Second, in China, homeownership is closely linked to better public education resources, driving most of China’s households to buy a home at the expense of non-housing consumption. This is consistent with the contradictions of both low non-housing consumption rates and low disposable income, and that both unaffordable housing prices and high homeownership rates existed in the studied regions. Relaxing housing credit constraints cannot be an effective way to stimulate household non-housing consumption even though relaxing housing credit constraints eases the liquidity of housing price wealth in the studied regions. Thus, these findings suggest that the Chinese government should pay more attention to stabilizing housing prices and balancing public primary/secondary education resources when the government regulates housing market and consumption strategies, thereby promoting consumption and stimulating domestic demand.

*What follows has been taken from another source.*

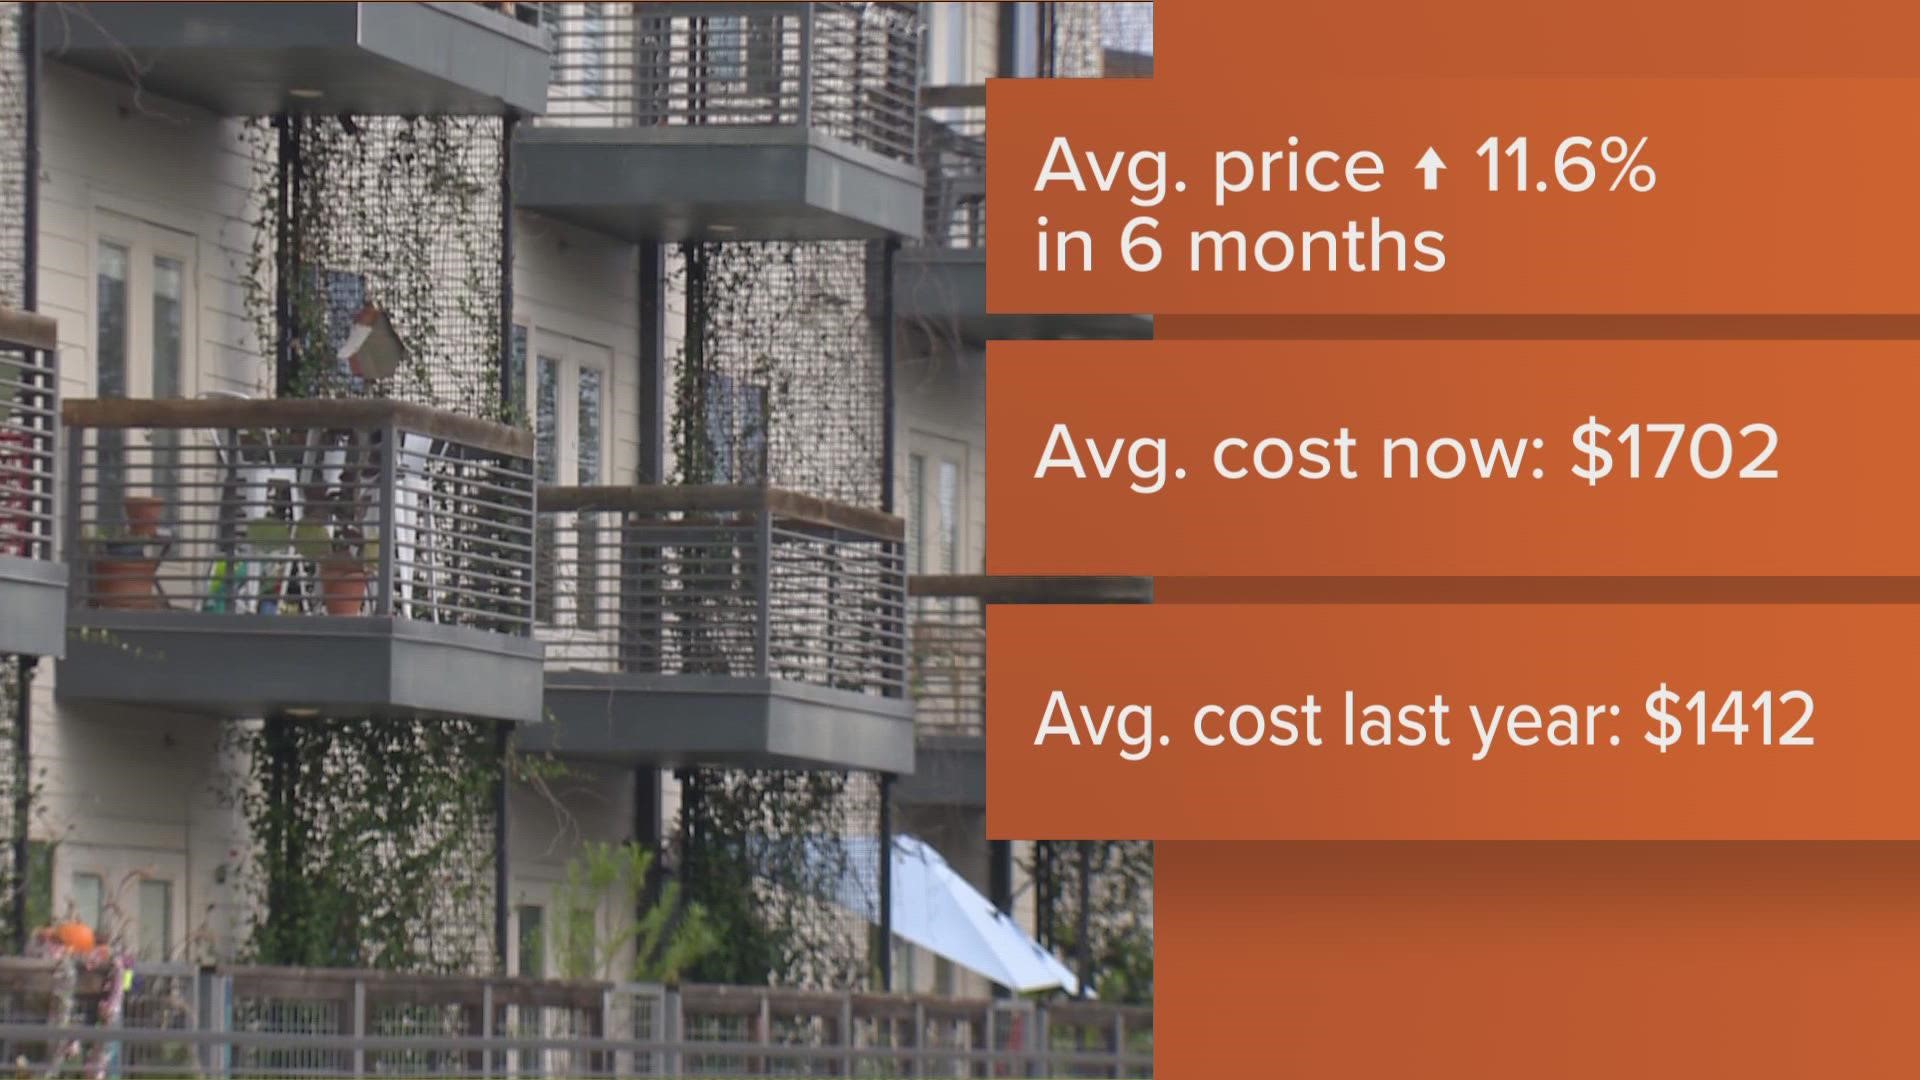 Experts say the cost of renting an apartment anywhere in Central Texas is at an all-time high.

In this study, we take a unique perspective on home buying driven by the availability of public education tied to the homeownership. Specifically, we discuss the difference in relationship between housing price change and household non-housing consumption across regions. The public education tied to homeownership direct affect housing prices, which subsequently induce changes in household consumption. Moreover, in our model, housing prices serve as a pivotal explanatory variable. It is of the importance of public education in China, especially in its connection to housing prices and consumption. Therefore, in future studies, we plan to delve deeper into the relationship between public education and housing prices to gain a more comprehensive understanding of this complex factor’s influence on household economic behavior. We recognize the importance of this area and intend to focus our future research efforts on enriching our understanding of it.